一見するととても地味で、地道な取り組みではありますが
コツコツ続けることで高い評価を受けるようになったのが愛媛県松山市にある松山空港です。
松山空港はごくごく普通の地方空港です。
就航路線を見ても特徴的なものはありません。
どこにでもあるような地方空港ですが、一方で自転車愛好家の間ではとても評判が良いです。
彼らがSNSに書き込んだ観光情報や口コミなどを見て、更に利用客が増えという
サイクリスト達の間で好循環が起きているのです。
もともと愛媛県と広島県はサイクリストが多く集まるエリアではありました。
というのも愛媛県と広島県の間には「しまなみ海道」というサイクリングロードがあるからです。
この海道は全長70kmにも及ぶ長い海道で、同時に日本初の海峡を渡ることができるサイクリングロードでもあります。
台湾にある世界的な自転車メーカー「ジャイアント」の会長が実際にしまなみ海道を走行し
その素晴らしさを絶賛したことから一気に注目が集まったのです。
実際、海、空と一体になりながら潮風を感じ、最高の走行ができると素晴らしいサイクリングロードです。
しかし、この海峡を渡るだけであれば愛媛県でなくとも良いでしょう。
広島県には原爆ドームをはじめとして多くの観光地などがあり人気のエリアでもあります。
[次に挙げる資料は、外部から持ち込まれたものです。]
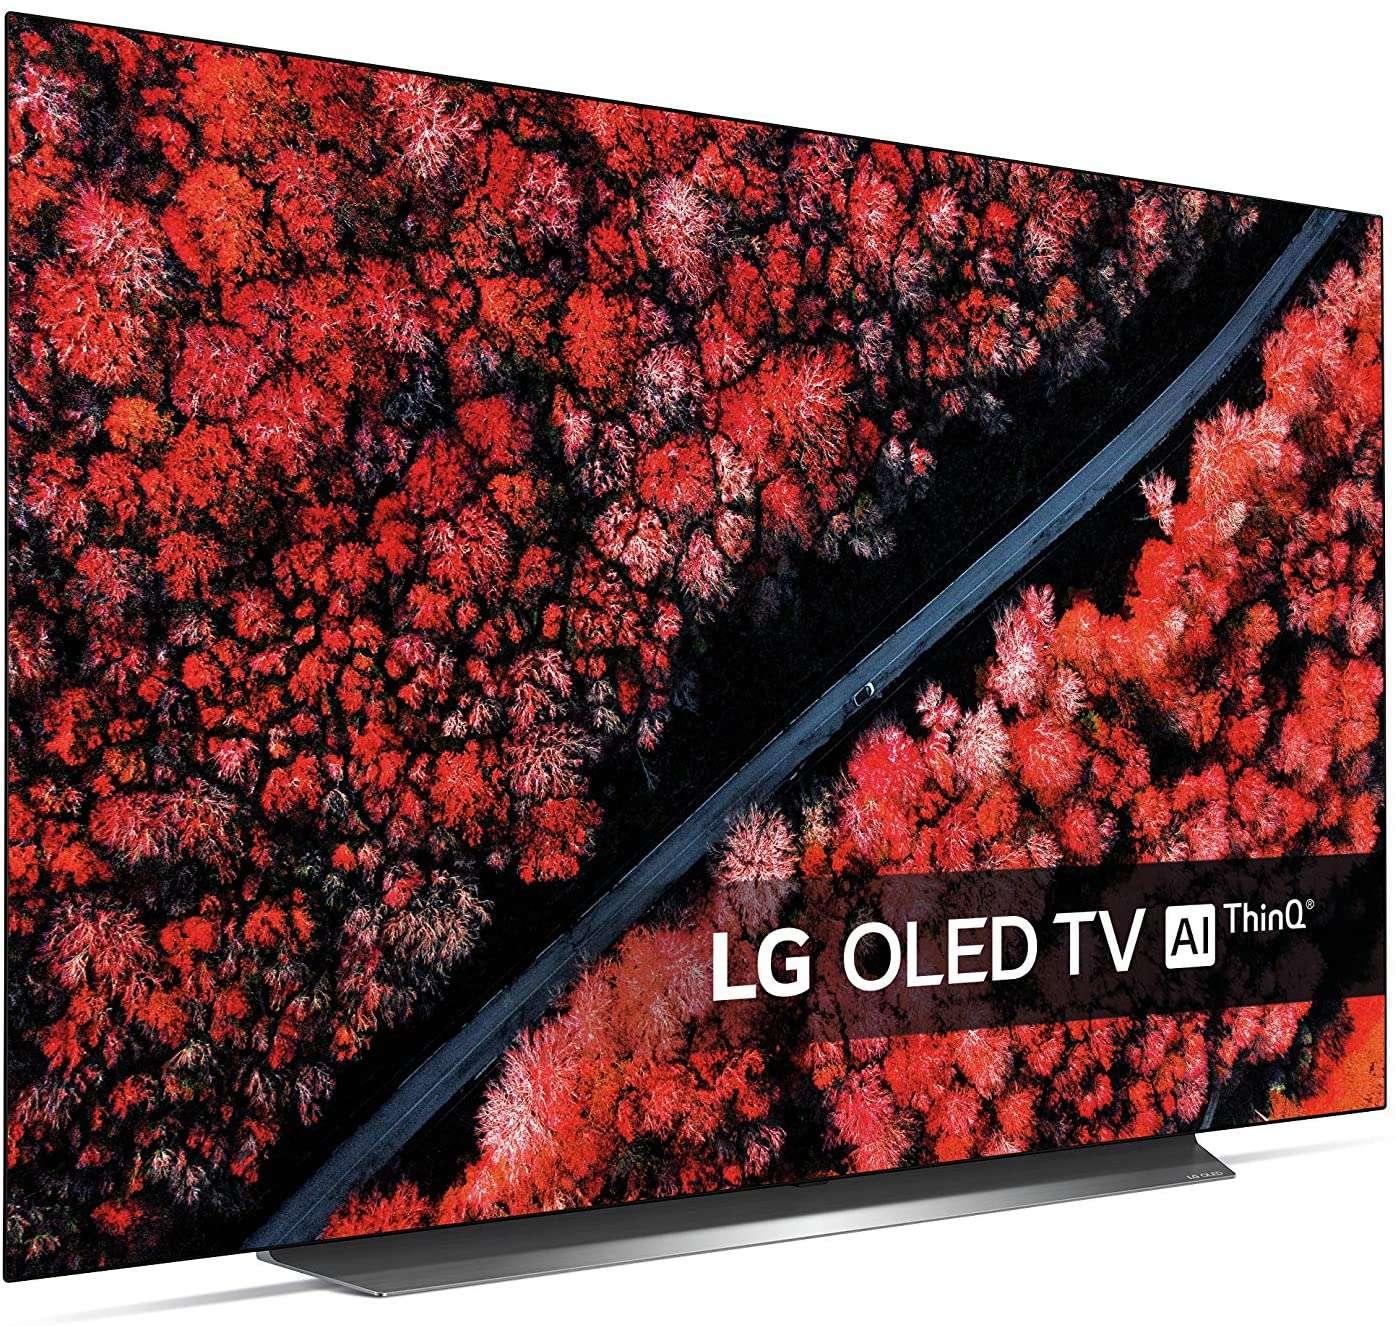 Migliore TV OLED 65 pollici

そんな中、サイクリストたちが敢えて活動の拠点が愛媛になる松山空港をわざわざ利用するのでしょうか?
これにはきちんと理由があります。
それが松山空港が地道に行っている「おもてなし」です。
松山空港はサイクリストたちが快適に走行するために必要な支援を積極的に行っています。
例えば空港にはサイクルステーションが設置されています。
ここでは自転車に空気を入れたり、各種メンテナンスに必要な整備道具のレンタルなどが可能です。
自転車はそのままでは大きいので飛行機載せることができません。
このため世界中から集まるサイクリストたちは一度自転車をバラバラにして飛行機に積み込みます。
現地に到着して、彼らがまず行うことはバラして運んできた自転車の組み立てです。
組み立てには道具やスペースが必要です。
普通の空港であれば、空港から出た後に場所を変えて組み立てなくてはいけませんが
松山空港のサイクルステーションなら到着直後に空港で自転車を組み立てることができます。
整備道具はレンタルできるので、邪魔な道具をあれこれ持ってくる必要もありません。
更にサイクルステーションでは自転車を梱包してきた袋なども預けることができるため
自転車走行に必要なものだけを持ってすぐにサイクリングに飛び出すことができます。
こうしたターゲットを絞った地道な取り組みが「愛媛=サイクリストのメッカ」と称される所以です。
空港をどんな人達が好んで利用するのか?というユーザービリティに立ち返った発想が結果につながったと言えるでしょう。
他にもサイクリング好きな方に人気なのが青森県にある三沢空港と鳥取県にある米子空港です。
どちらの空港も周辺は美しい風景が広がる空港で、レンタルサイクルが用意されています。
空港周辺を手軽にサイクリングできるとして評判が良い取り組みです。